Oh, and if you thought the mini bio was the worst part, think a-fucking-gain because the real gems of this IMDB page are hidden under the “trademarks” and “personal quotes.”
Let’s deal with the trademarks first.
Okay so honestly I’m surprised it took us this long to get to WhaBoom, considering how much he said it in this week’s episode. Whatever. I guess you save your best stuff for last.
Secondly, he knows that this section is actually referring to official legal trademarks, right? Like, does he actually legally own the term “WhaBoom” with four a’s and 4 o’s? Was WhaaaBooom taken? Did “WhaaBoom” already belong to some cleaning company? This is like when you have some kind of basic name like “Emily Johnson” so you have to make all your email addresses Em.R.John.firstname.lastname@example.org
Thirdly, what the fuck is Burgertyme? Is this supposed to be pronounced “Burger Time,” as in “time to have a hamburger?” Is a love of hamburgers another layer to Lucas’ “personality” that we’ve yet to see? Honestly, the presence of Burgertyme on this list really scares me. One catchphrase was enough. I honestly don’t know what I’ll do if on top of watching him Hulk out and scream WhaaaaBooom™ every time he gets a rose, I’ll have to hear him scream BURGERTYMEEEEEEE whenever they go out to eat. Where does the madness stop?

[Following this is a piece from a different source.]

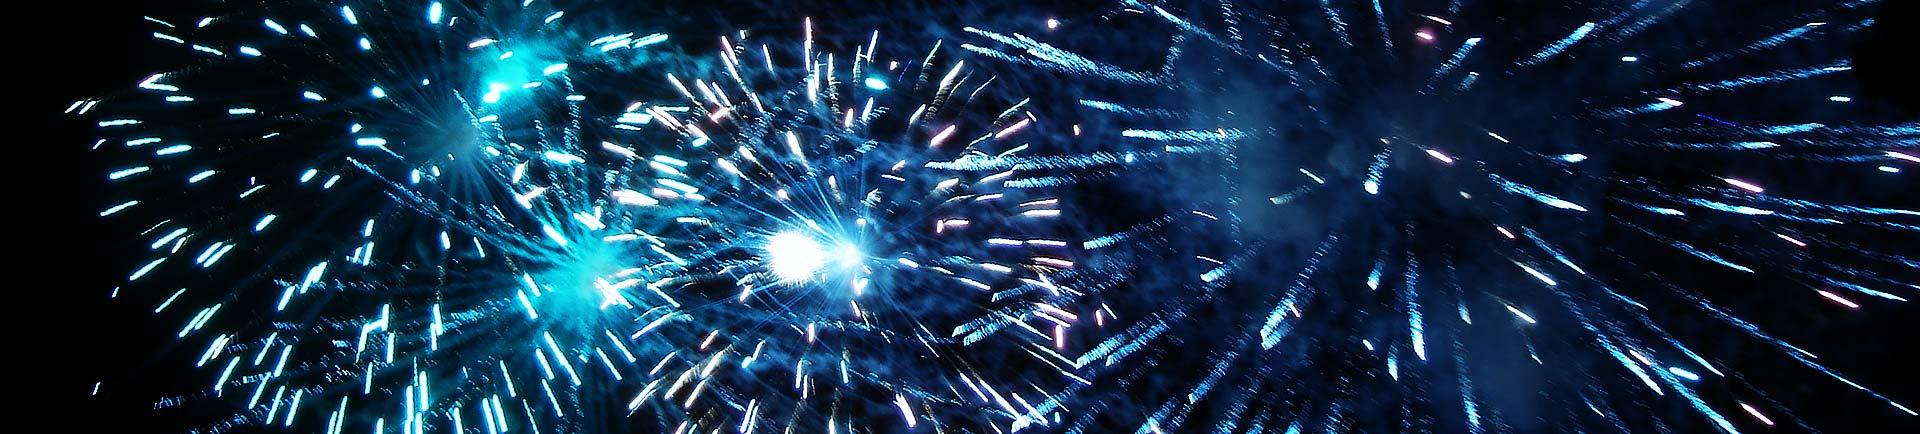 Prosit Neujahr und mögen deine guten Vorsätze deinen Kater überdauern!
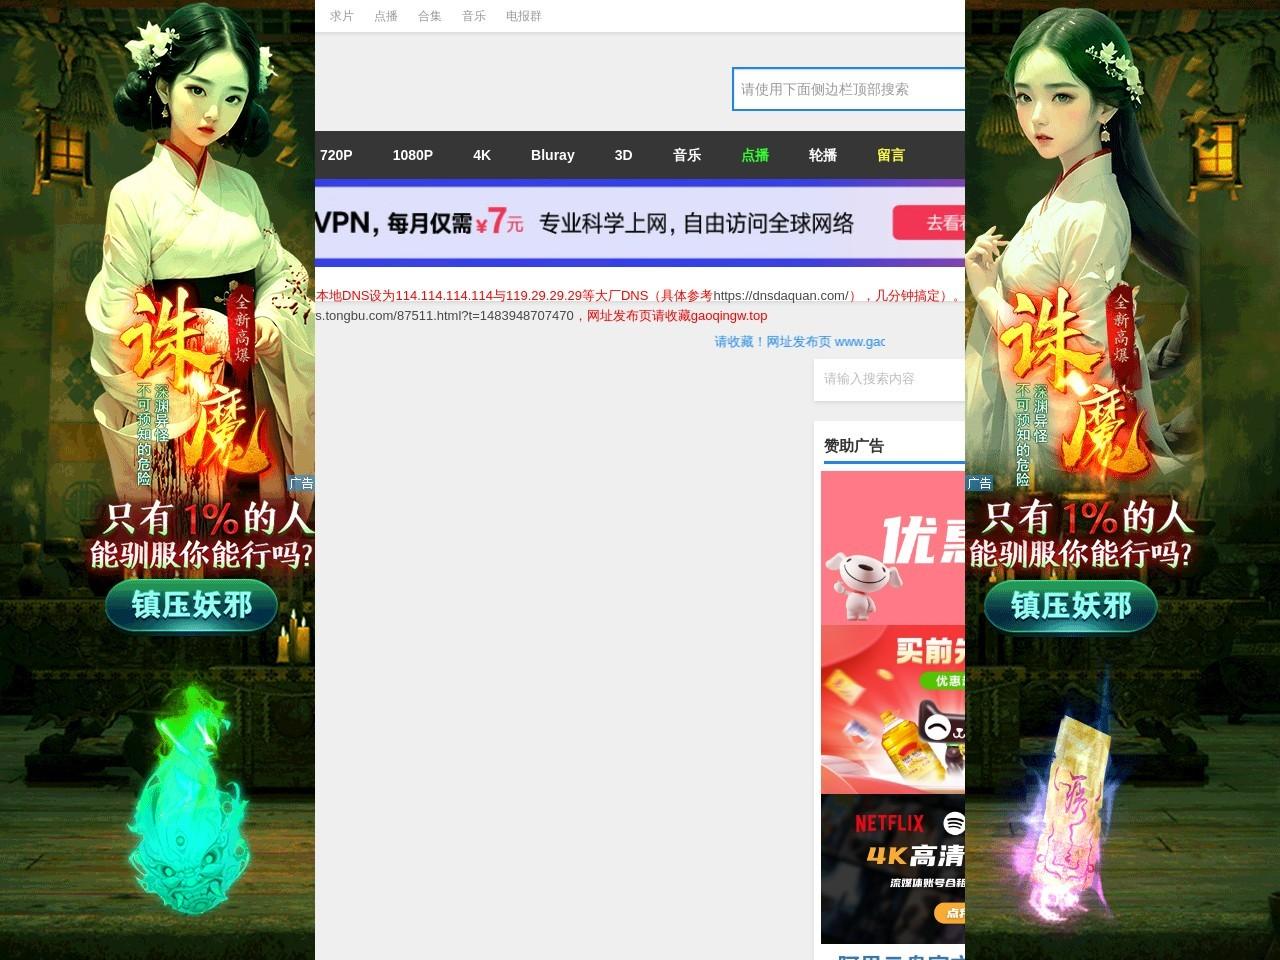 中国高清电影网

As for the personal quotes section, I don’t even know what the fuck to say about any of them.
“Everyone is trying to find the pimple on the Golden Horse.”
…what? Like, seriously, what does this mean? Who is the Golden Horse? Why does it have a pimple? Do horses get pimples? Do horses made of gold have pores? I’m confused. When did he say this? To whom did he say it? What happens when we find the golden horse’s pimple? Do we pop it? Let it be? WE NEED ANSWERS, Y-MAN!!!
“Consistency Is What Makes YOU”
I mean, if there’s one thing we can say about Lucas it’s that he’s consistently batshit fucking nuts. So I guess this quote makes sense. It seems like something a motivational speaker would say, especially given that the use of caps lock here would imply the “YOU” is screamed. Also given what we know about Lucas, we should assume that all of this stuff is being screamed through a megaphone.
Finally, and most perplexingly, Lucas ends with “YKnot?” which I guess is a reference to Y-Man, the nickname that he clearly gave to himself. So like, when he said this, did he have to immediately explain to everyone in the vicinity that he was spelling it with a Y? How would this be conveyed verbally? Also, why did he use the spelling “knot” instead of “not?” Was he using this in a rope-related context? For example:
*Rachel tries to hang herself after being forced to spend over 30 seconds alone with Lucas*
I’m sorry. That was dark. But honestly, this IMDB page put me in a dark place. Reading this shit was like binge watching all of The Handmaid’s Tale and 13 Reasons Why in the same fucking day. I feel emotionally drained.
I think the biggest takeaway here, apart from the fact that Lucas is a sad, fragile male who wrote his own IMDB bio and didn’t even do a good job, is that homeboy is here for the wrong reasons and Rachel needs to send his ass packing fast. Like, I know the producers obviously stepped in last episode to see if he and Blake the aspiring drummer will have a fist fight or whatever, but how can we pretend that a 31-year-old woman with a law degree would ever entertain the idea of romance with this walking abstinence campaign? Like, how long can such an obvious fame whore with such clear Hollywood aspirations last in this competition?